Si ajustado R cuadrado es superior a R al cuadrado, entonces ¿por qué estadística siga informando el último? ¿Existe algún tipo de situación cuando un investigador puede preferir utilizar R cuadrado en lugar de ajustado R al cuadrado?
Respuestas
¿Demasiados anuncios?Bajo condiciones de instancia explica aquí, $R^2$ mide la proporción de la varianza en la variable dependiente explicada por la regresión, que es una medida natural. Ajusta $R^2$ no tiene esta interpretación, como se modifica el $R^2$ del valor.
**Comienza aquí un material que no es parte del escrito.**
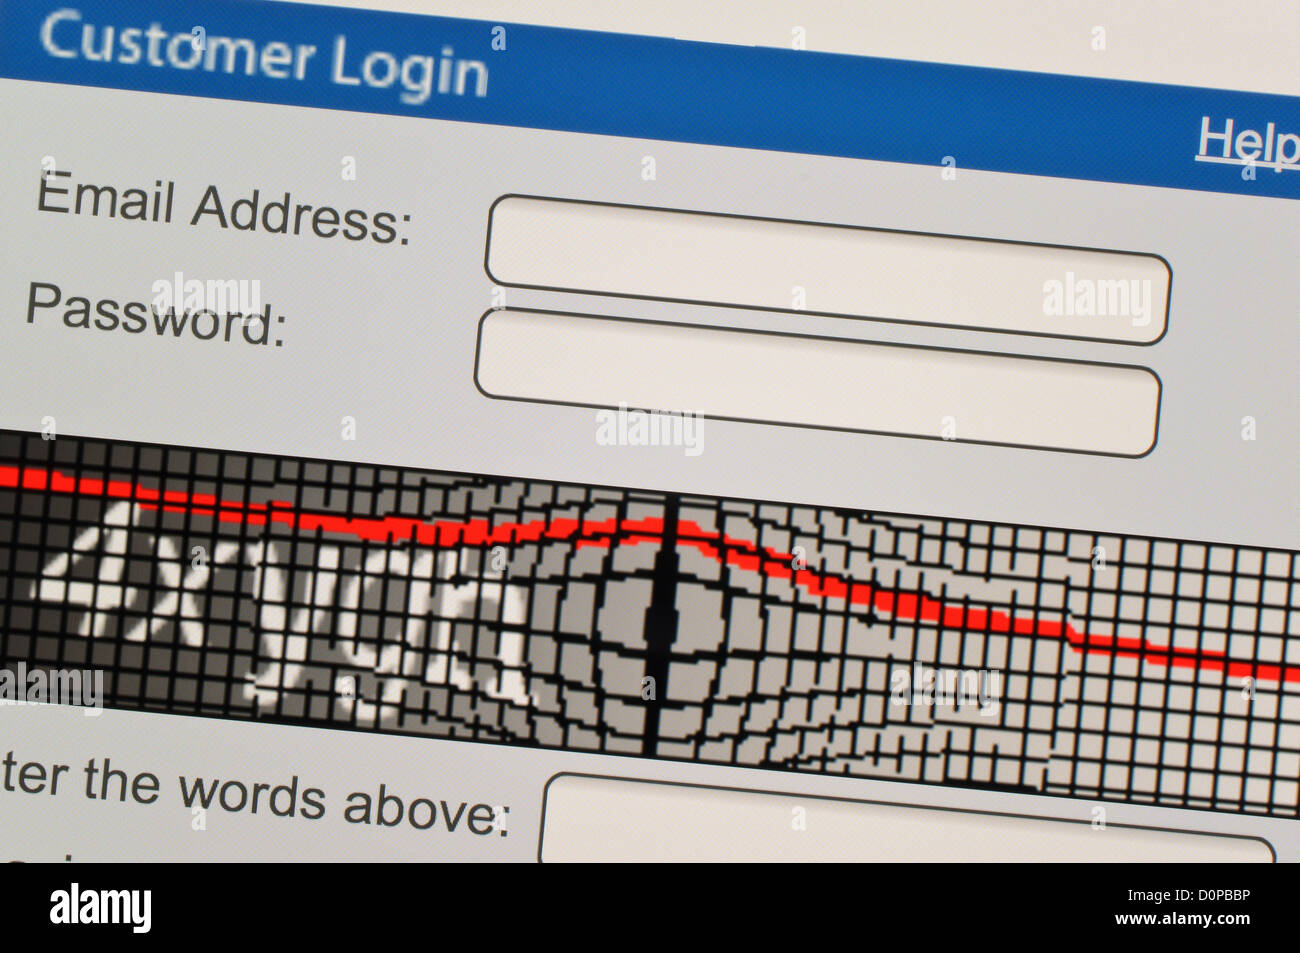 Customer log-in on computer screen Stock Photo
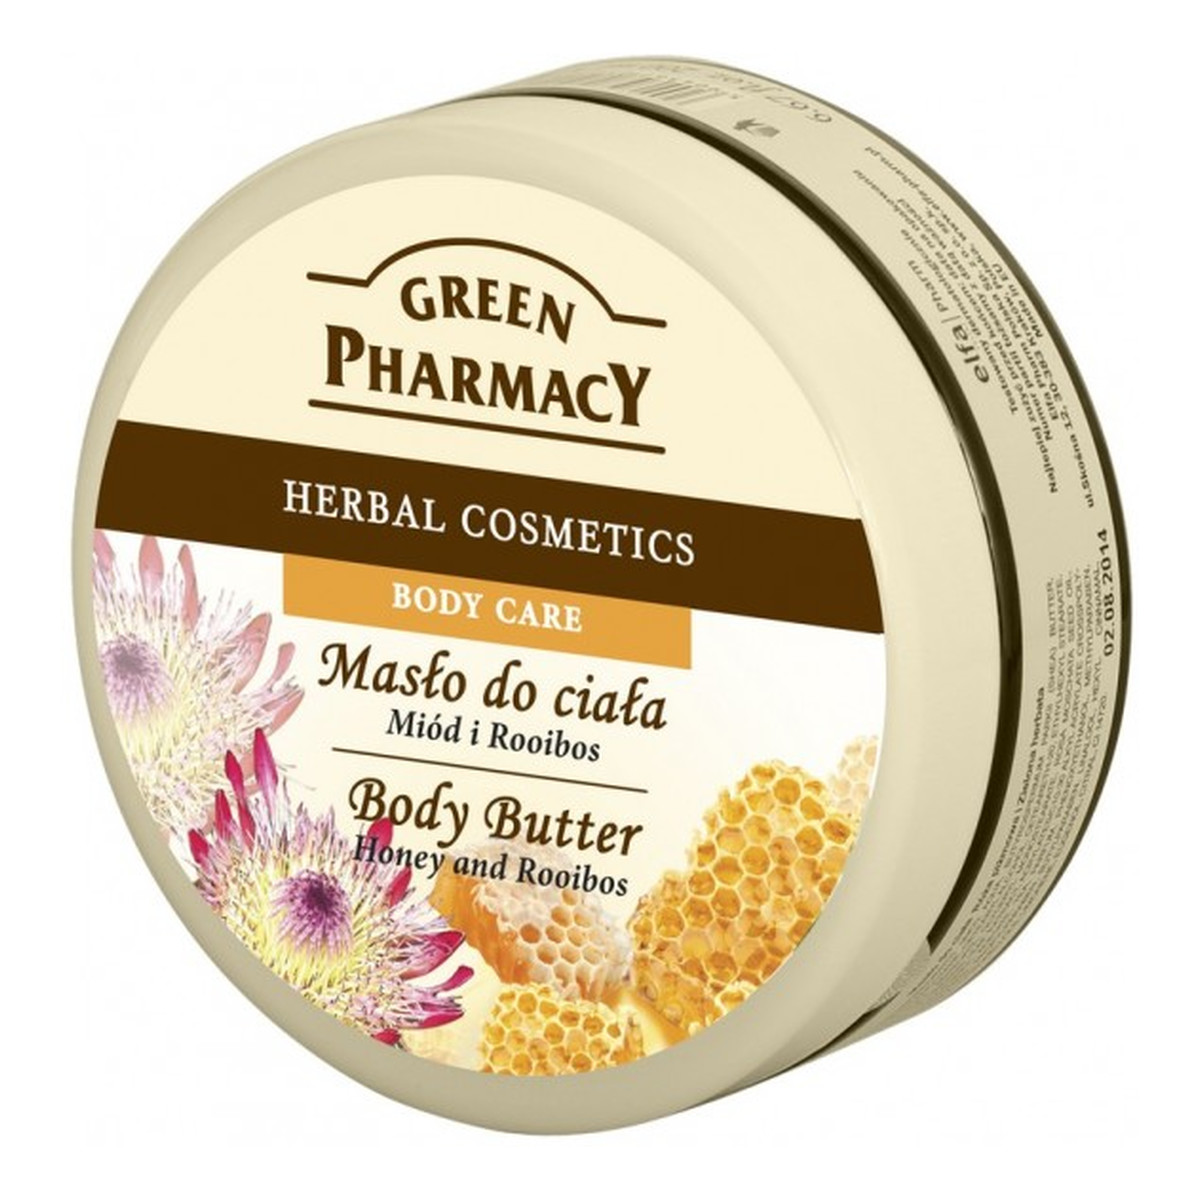 Green Pharmacy Herbal Cosmetics Body Care Masło Do Ciała Miód i Rooibos 200ml

Así, mientras ajustado $R^2$ tiene la indiscutible ventaja de no aumentar automáticamente cuando el número de regresores sube, se paga un precio en términos de cómo se puede interpretar la medida.
Nota que no estoy abogando por el uso de uno u otro, acaba de dar una posible razón de por qué la gente todavía utiliza el estándar del $R^2$.
Ajustado R-ajustado es útil para comparar modelos de regresión diferentes. Esta tarea no puede realizarse por R cuadrado que, como ya han dicho otros, tiene otro objetivo informativo, que expresa la proporción de la varianza de la variable dependiente que es explicada por el modelo de regresión bajo investigación.